This is a question from a sample midterm from my database course. The solution is not given to us for the midterm and i just wanted to ask if my solution is correct in any sense
Consider the following relation T=(N,A,I,V,L,P,C,D)
with the FD={N->AI , AV->LP, VC->PD, VL->P, LA->D, NP->IVL, CID-> LVP, AD->IP}
Find all candidate keys that consist of 3 attributes if any?
I attempted to solve the question and this is what i got:
Left Attributes = N,C
Middle Attributes = A,I,V,L,P,D
Right Attributes = None
I then made 3 attribute pairs with NC and found their closures:
NC+ = {NCAI} NO
NCA+ = {NCA} NO
NCI+ = {NCI} NO
NCV+ = {NCVPDAIL} = Get PD from VC->PD AND AI from N->AI and L from NP->IVL? Is this correct? If IV is already in there can I use this dependency to get L?

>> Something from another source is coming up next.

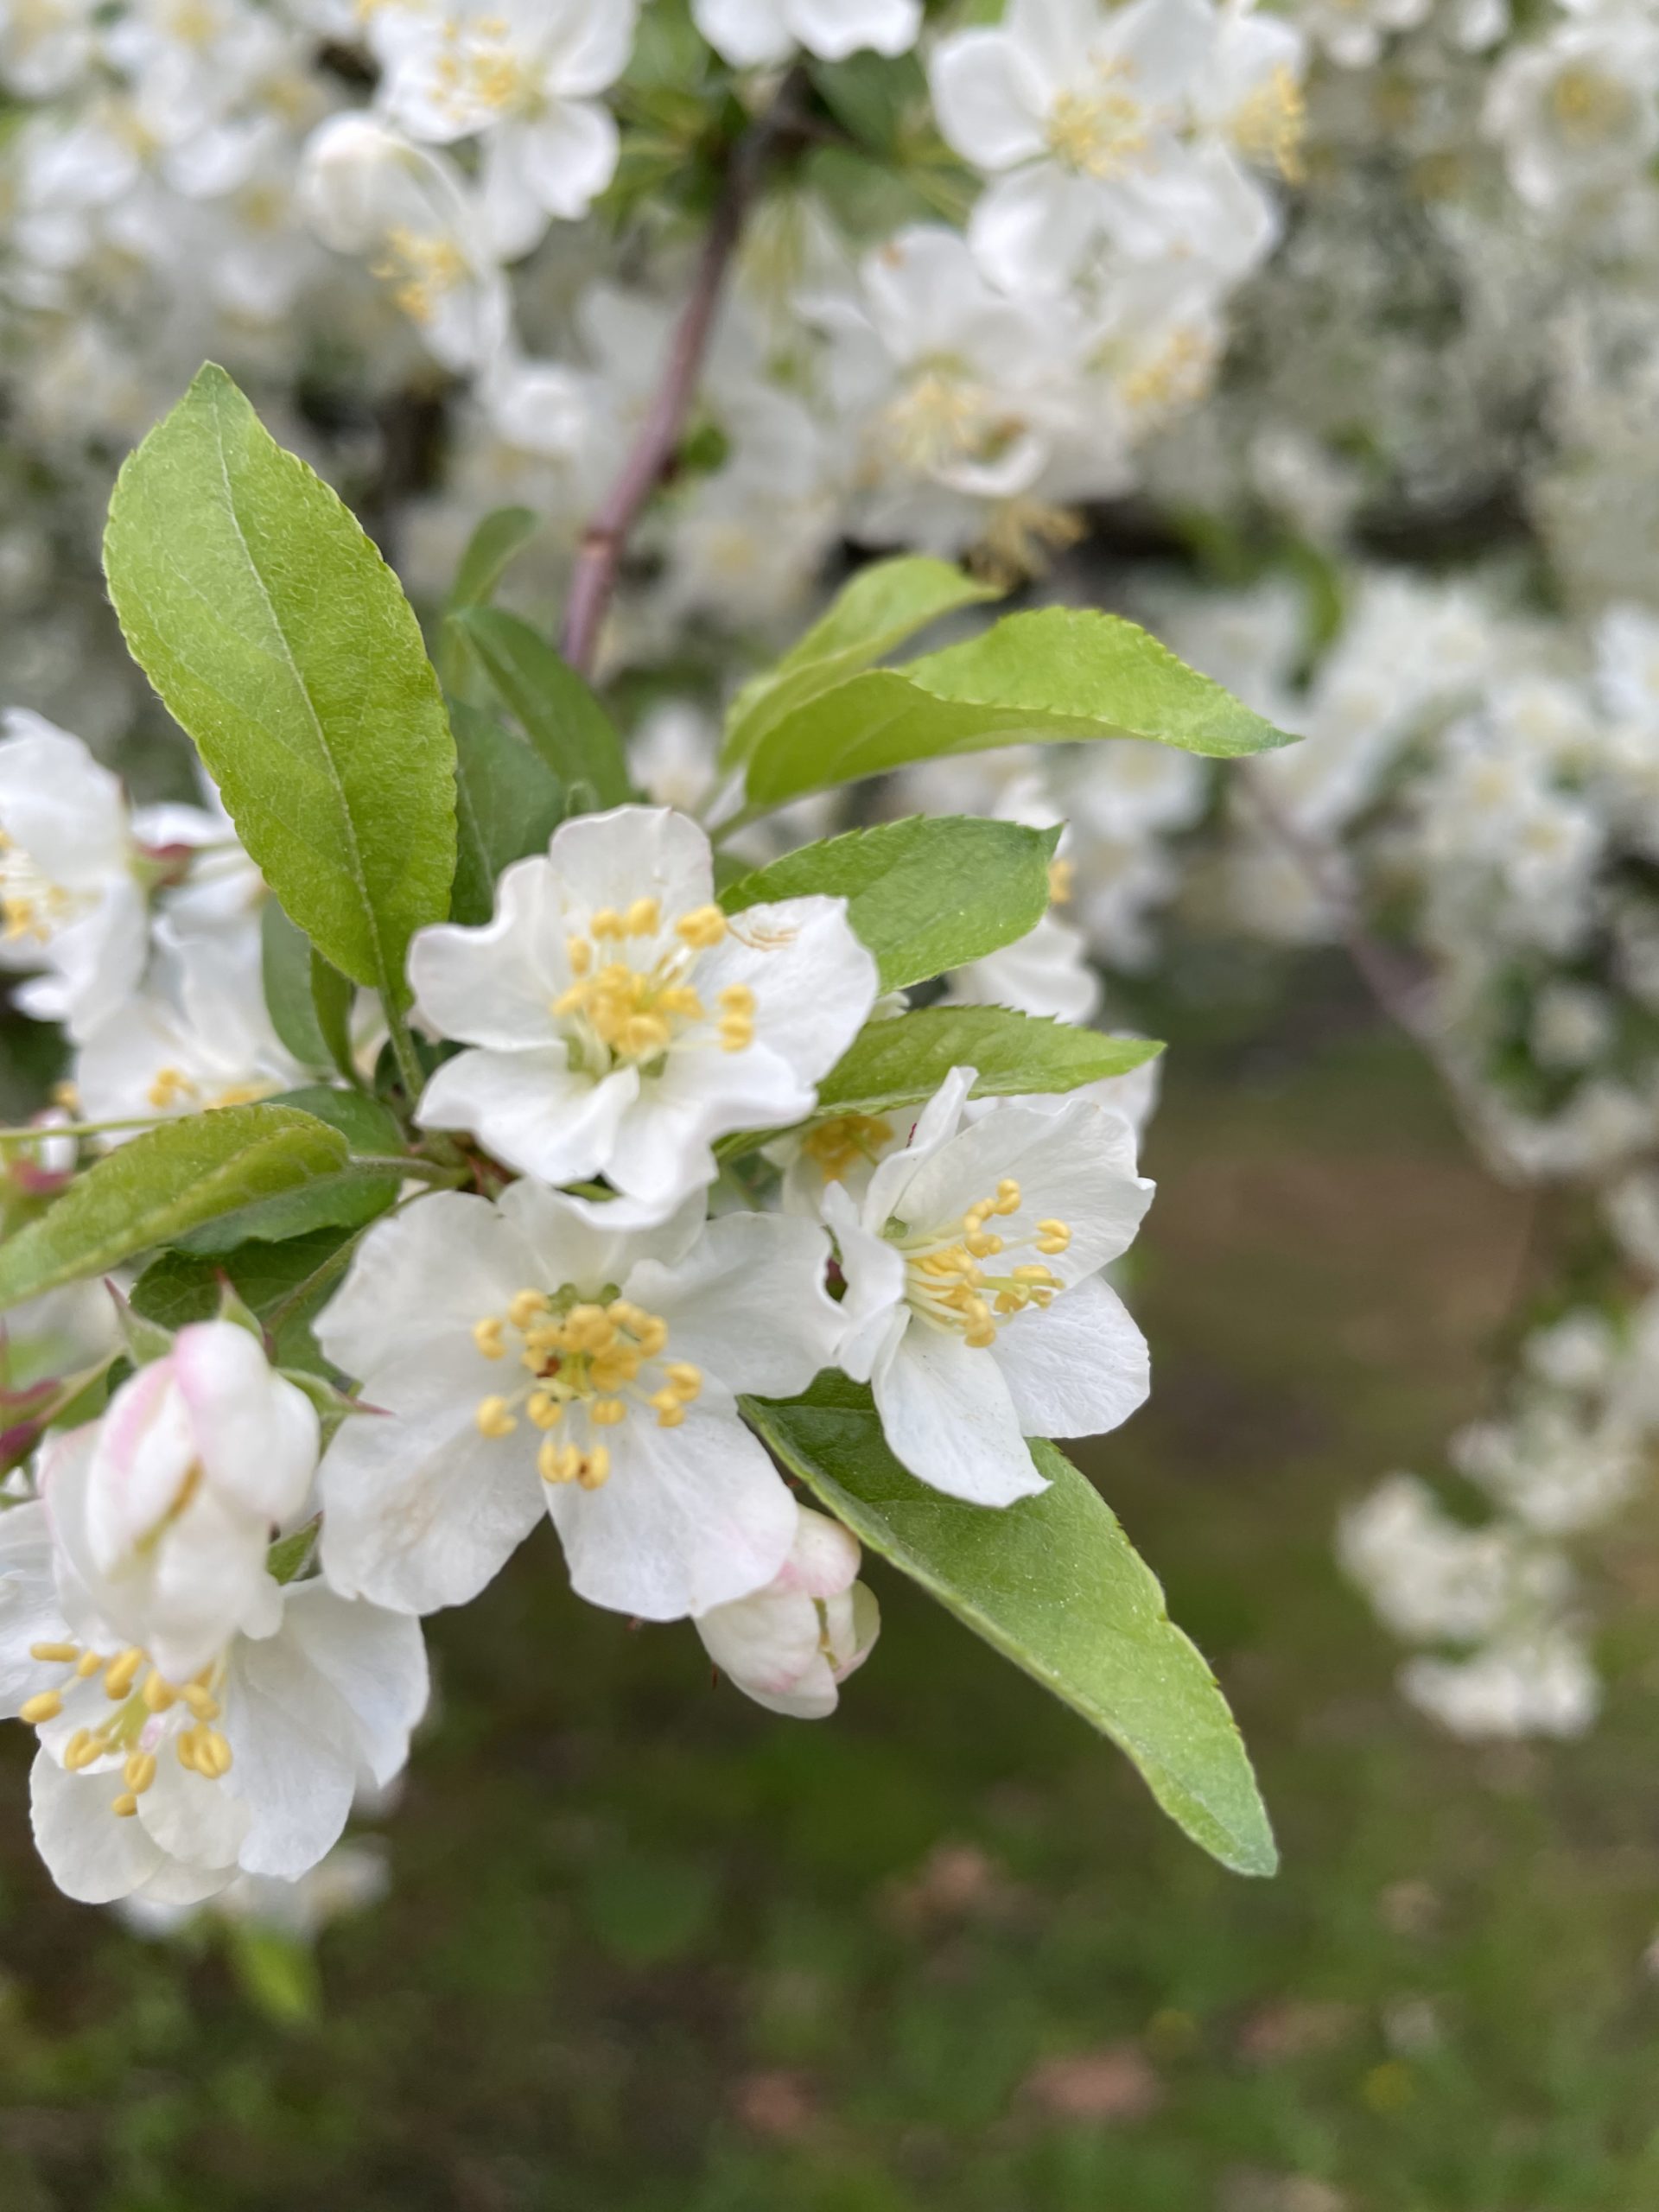 Small white flowers of the Apple Tree at Marywood University
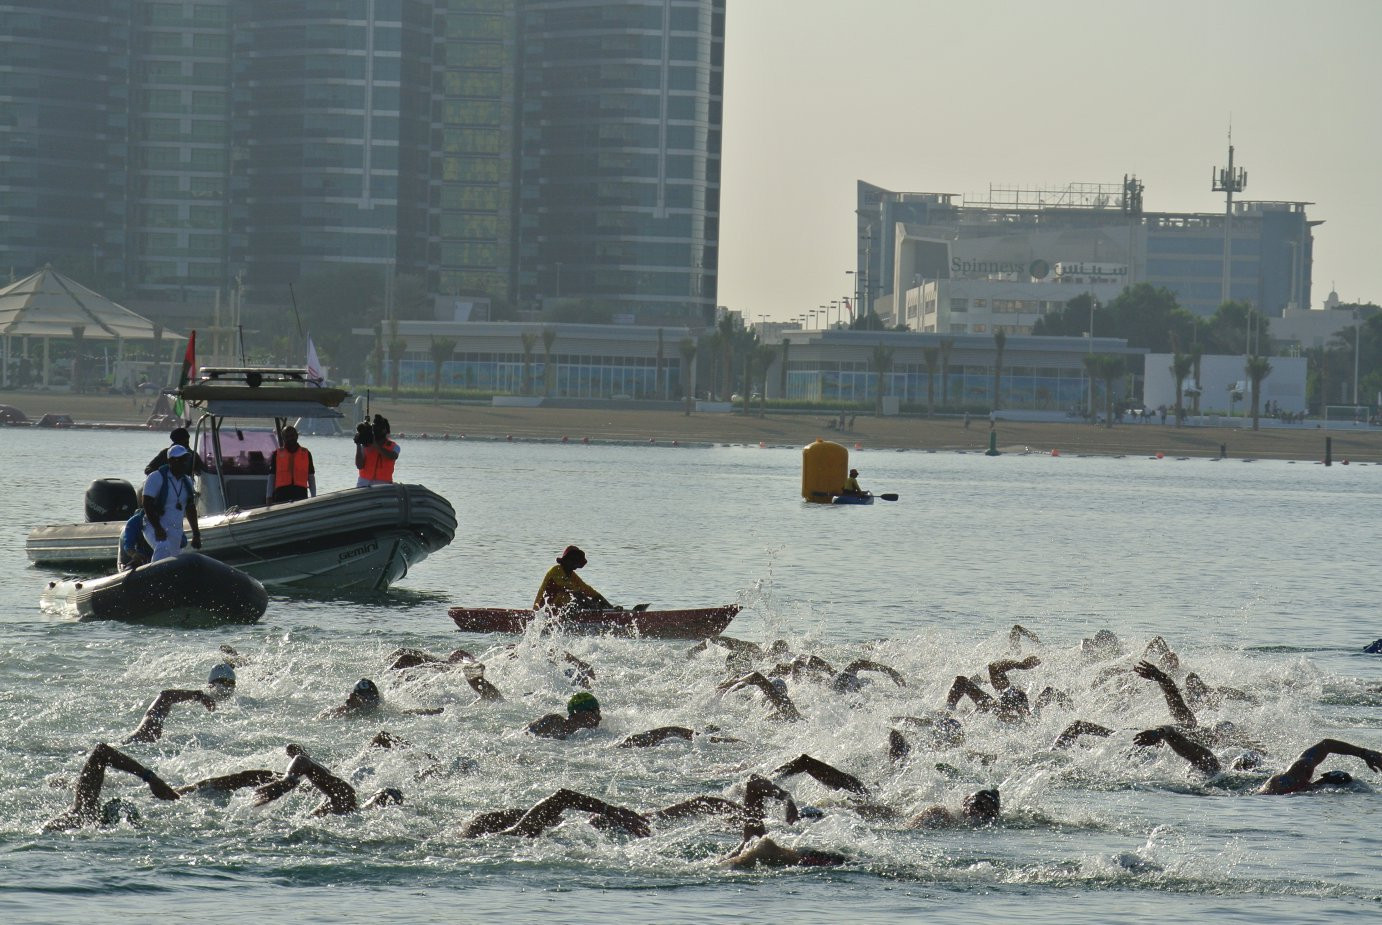 Arianna Bridi of Italy was women's winner on the day in the FNA Marathon Swim World Series race at Abu Dhabi, with Brazil's Ana Marcela Cunha claiming the overall title ©FINA

NCL+ ={NCLAIDVP} = Get AI from N->AI & D from LA->A and VP from CID->LVP using same logic from above?
NCP+ = {NCPAIVLD} straight forward using same logic from above
NCD+ = {NCDAILVD} YES
So i got 4 candidate keys that have 3 attributes in them. which are NCV, NCL, NCP, NCD.
So did i nail it or there should only be one candidate key which should be NCD?
Thank you!
You have given the correct answer. The relation has only four candidate keys, NCV, NCL, NCP, NCD, all with three attributes.
N and C must be always be present in every key, since they appear only in the left part. Trying to add to them the other attributes and computing the closure is what is needed to check which are the keys. Note that NCA+ and NCI+ are equal to NC+ and produces NCAI. You should try also the combination NCAI+, but the result is the same. So, at the end, each of the four attributes V L P and D added to NC generates a key, and your answer is correct.